# DATA EXCERPTS:
++++++++++++++++++++

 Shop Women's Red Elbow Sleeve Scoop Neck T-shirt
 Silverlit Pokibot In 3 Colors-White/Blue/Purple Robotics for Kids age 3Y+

++++++++++++++++++++

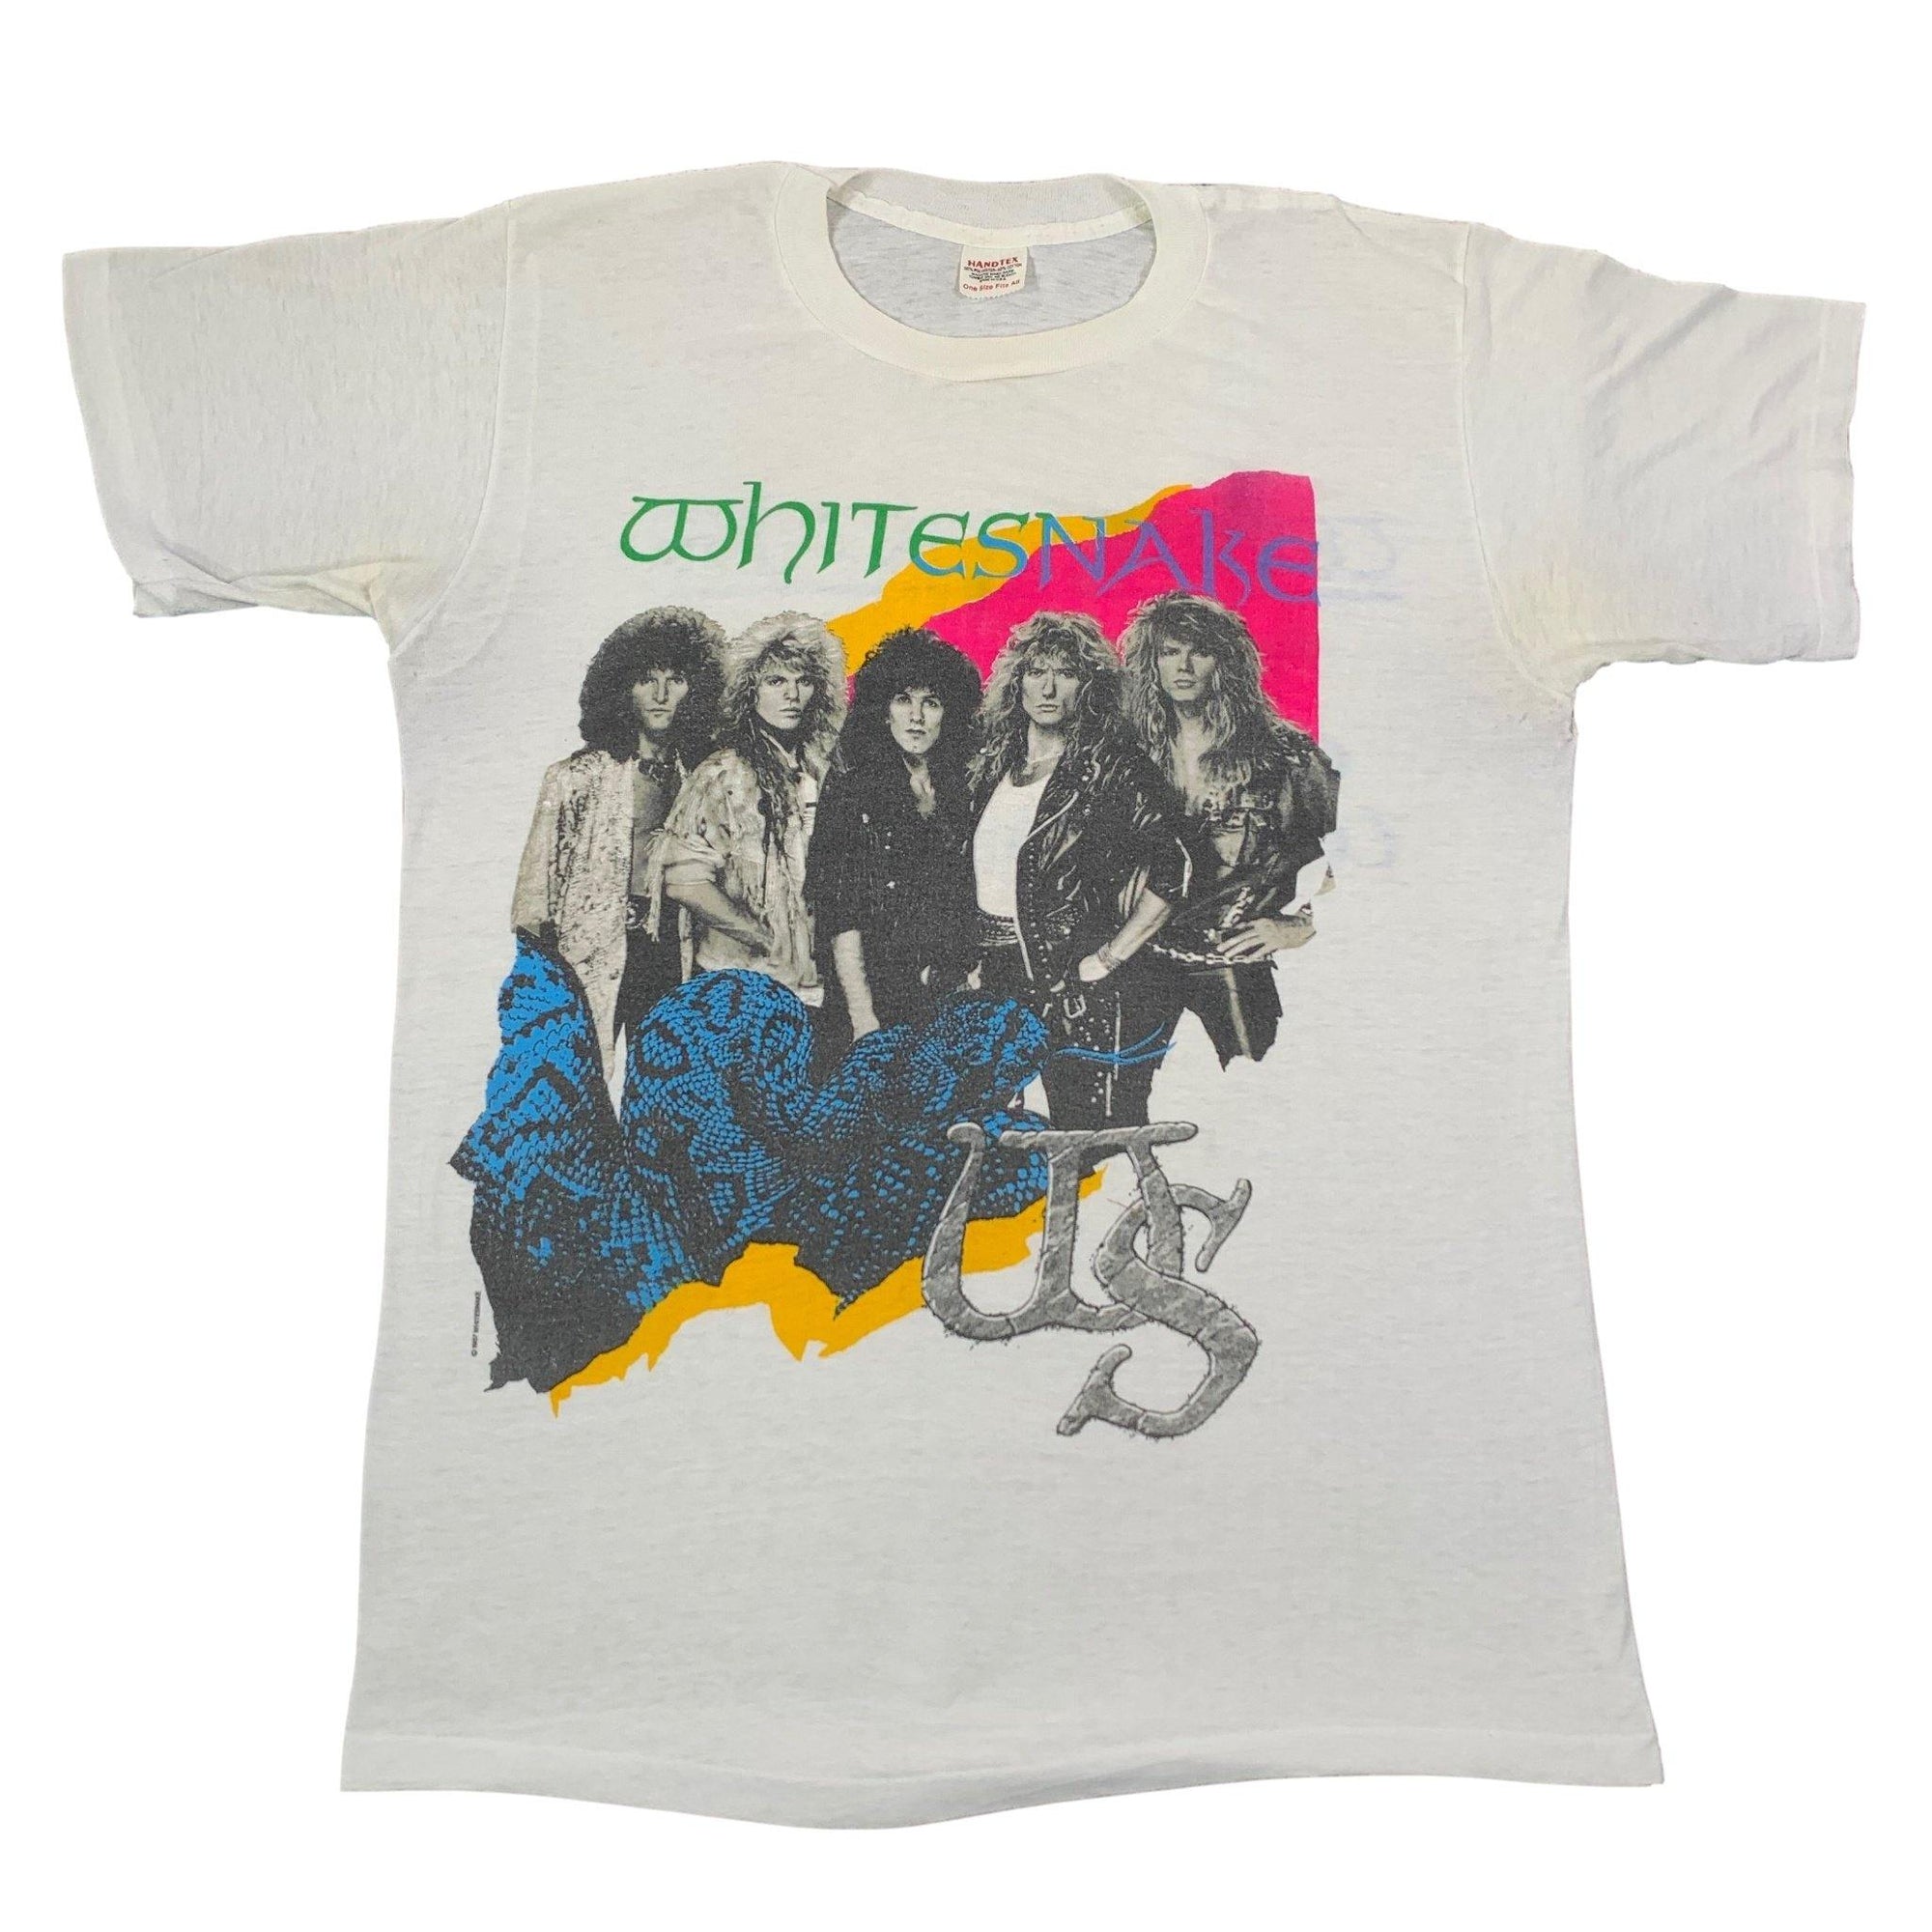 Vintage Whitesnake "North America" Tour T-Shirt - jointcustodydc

++++++++++++++++++++

# TASK TO CARRY OUT:
Would you copy, unchanged, the stretch of the records above that begins at the line containing "Shop Women's Red" and ends at the line containing "Silverlit Pokibot In", and only that?

# WRITTEN ANSWER:
 Shop Women's Red Elbow Sleeve Scoop Neck T-shirt
 Silverlit Pokibot In 3 Colors-White/Blue/Purple Robotics for Kids age 3Y+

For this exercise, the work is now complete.